After the routine has been processed, the symbol table entries for the formal parameters of the routine need to be retained in the symbol table, so they can be used to process calls of the routine.
The usual technique is to leave the formal parameter entries in the symbol table linked to the routine entry.
The parameters won’t be visible to ordinary symbol table lookup.
Symbol Table Performance Considerations
Hash table is the most common choice for implementing the symbol table. O(1) insertion and look ups.
For complicated compilers, map each identifier string into an index integer. Then use index integers as symbol table keys.
Look Up in Scopes: Iteratively fetch the parent scope until if finds the target symbol. Or it returns null when reaching and not finding in the root program scope.
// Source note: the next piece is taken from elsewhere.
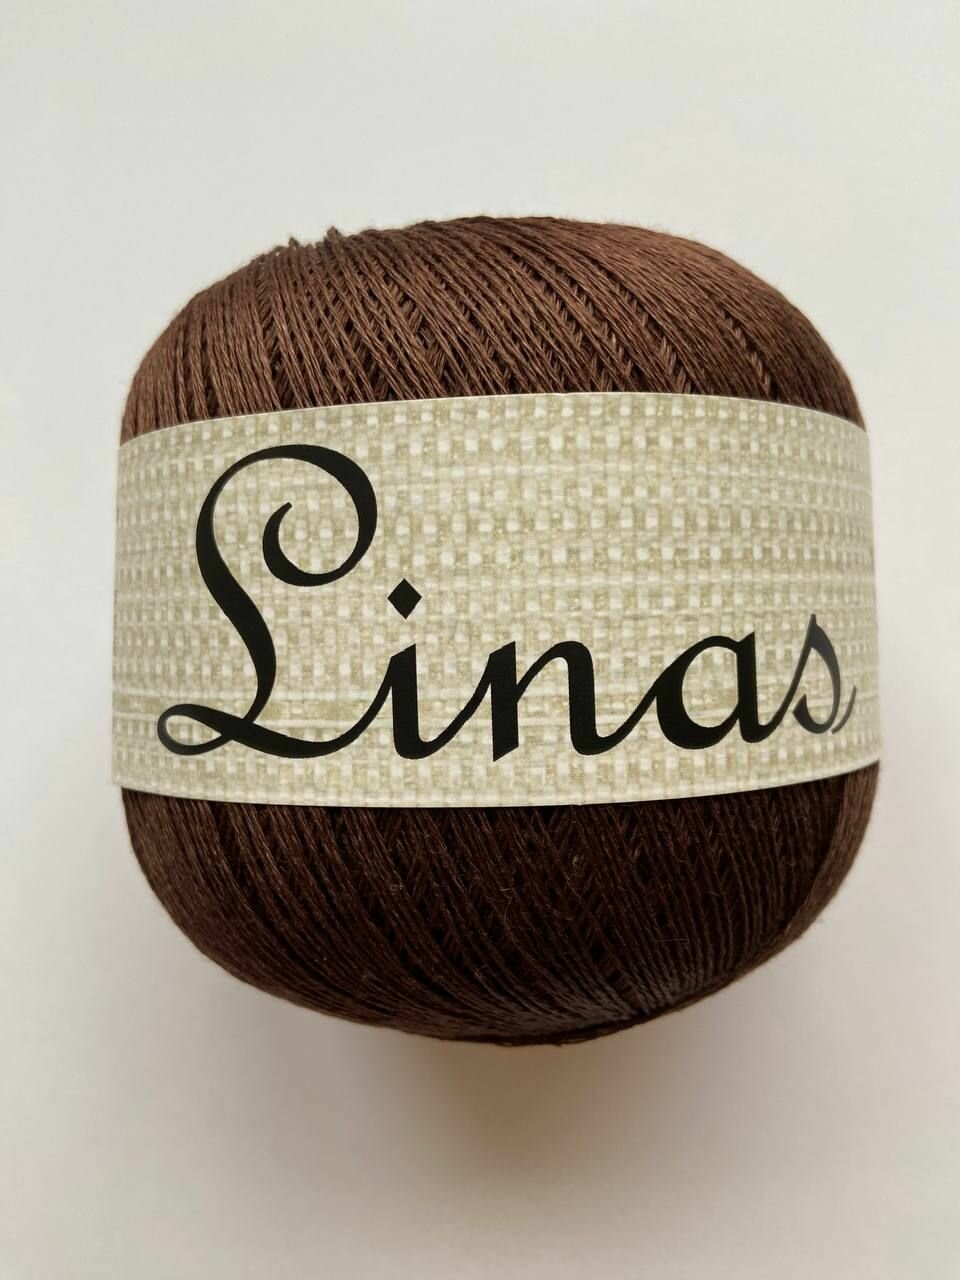 Пряжа для вязания Midara Linas, 100% лён, 2 мотка по 100 гр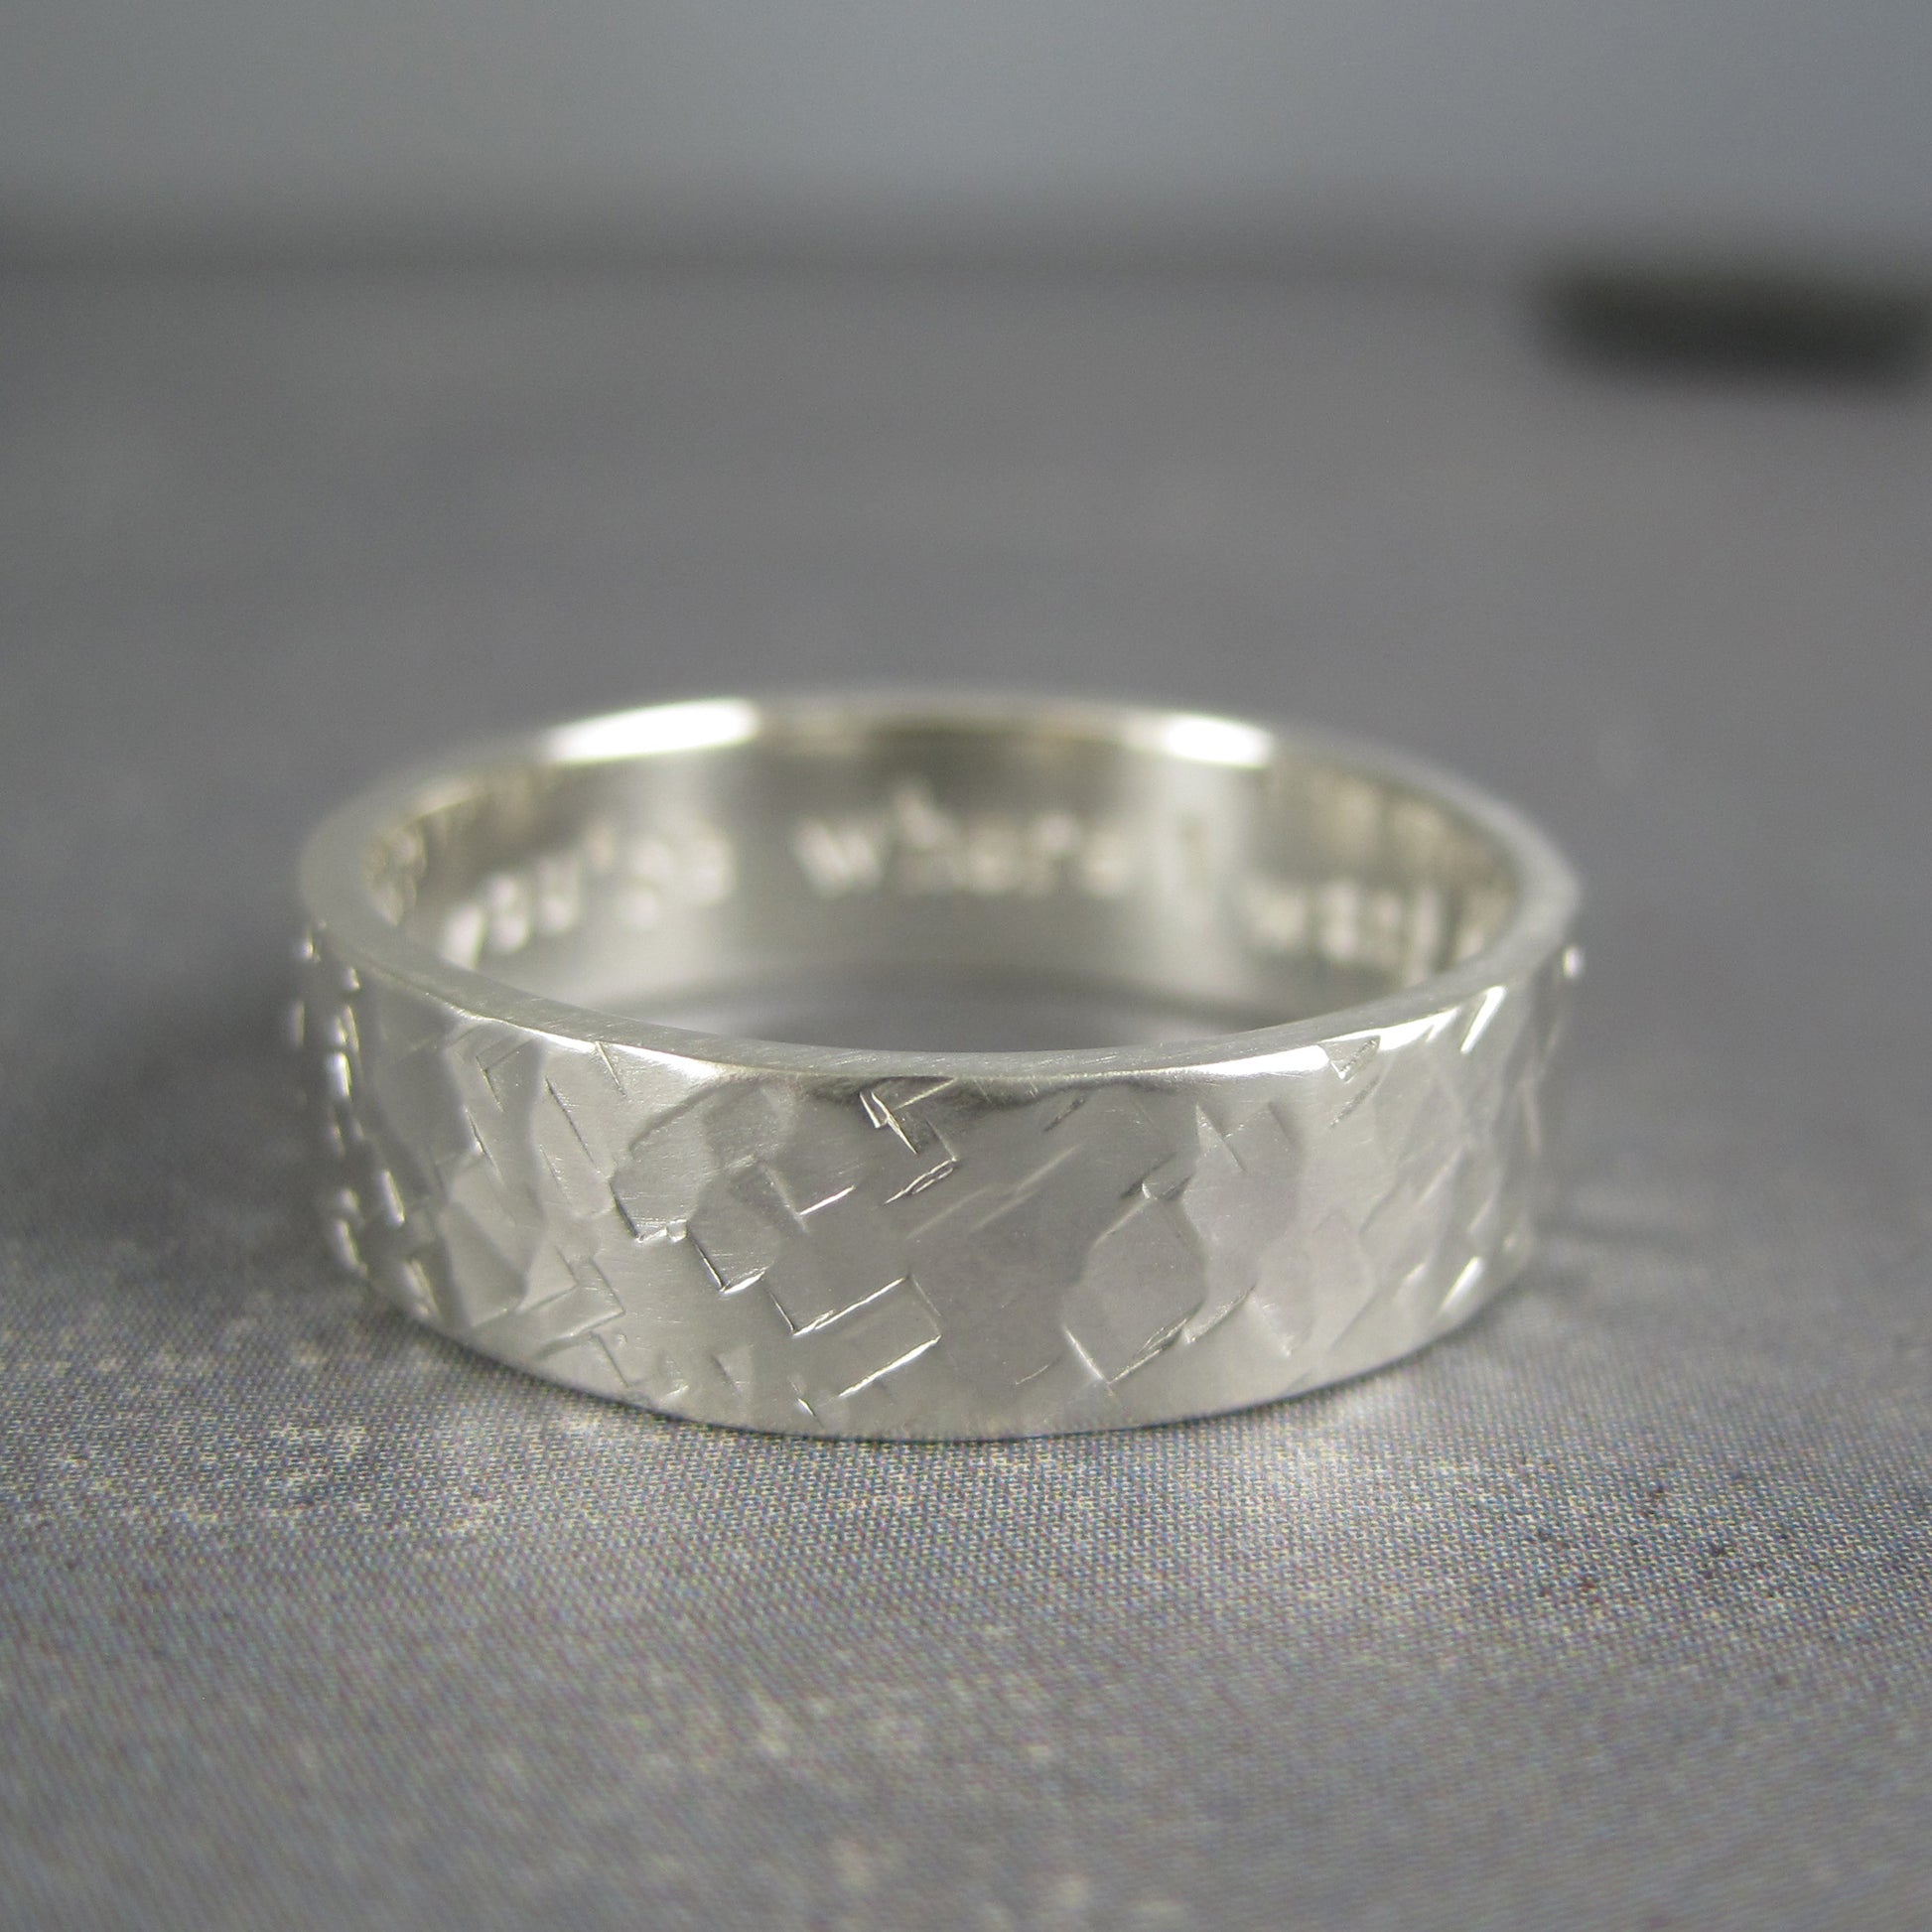 Engraved men's wedding ring

Cache Look Up: It might be a good idea to cache the look up results locally so that it can return the results faster when looking for the same variable again.
MiniC Symbol Table Example
1
2
3
4
5
6
7
struct VarSymbolEntry {
Type VarType;
llvm:: Value *LLVMValue;
};
class VarSymbolTable {
std::map<std;:string, VarSymbolEntry> Table;
}
Variable symbol table maps each variable to its type, and the corresponding Llvm IR object (used during code generation).
It contains methods to get/set symbol table entries for new variables.
1
2
3
4
5
6
7
8
struct FuncSymbolEntry {
Type RetyrnType;
std::vector<Type> ParameterTypes;
bool HasBody;
};
class FuncSymbolTable {
std::map<std::string, FuncSymbolEntry> Table;
};
Function symbol table maps each function name to its return type, and the list of parameter types. It also contains a flag to indicate whether we have seen the definition (function body) yet.
It contains methods to get/set symbol table entries for new functions.
How To Handle Symbol Table For MiniC
MiniC does not allow forward reference. This means that we can construct the symbol table when we visit the AST tree to perform the semantic analysis.
When encounter a valid variable declaration, add the variable with its type information into the variable symbol table.
When encounter a valid function declaration, add the function with its signature type information into the function symbol table.
When checking the semantic correctness of the program, i.e., whether the type of two expressions match, you will query the symbol table accordingly.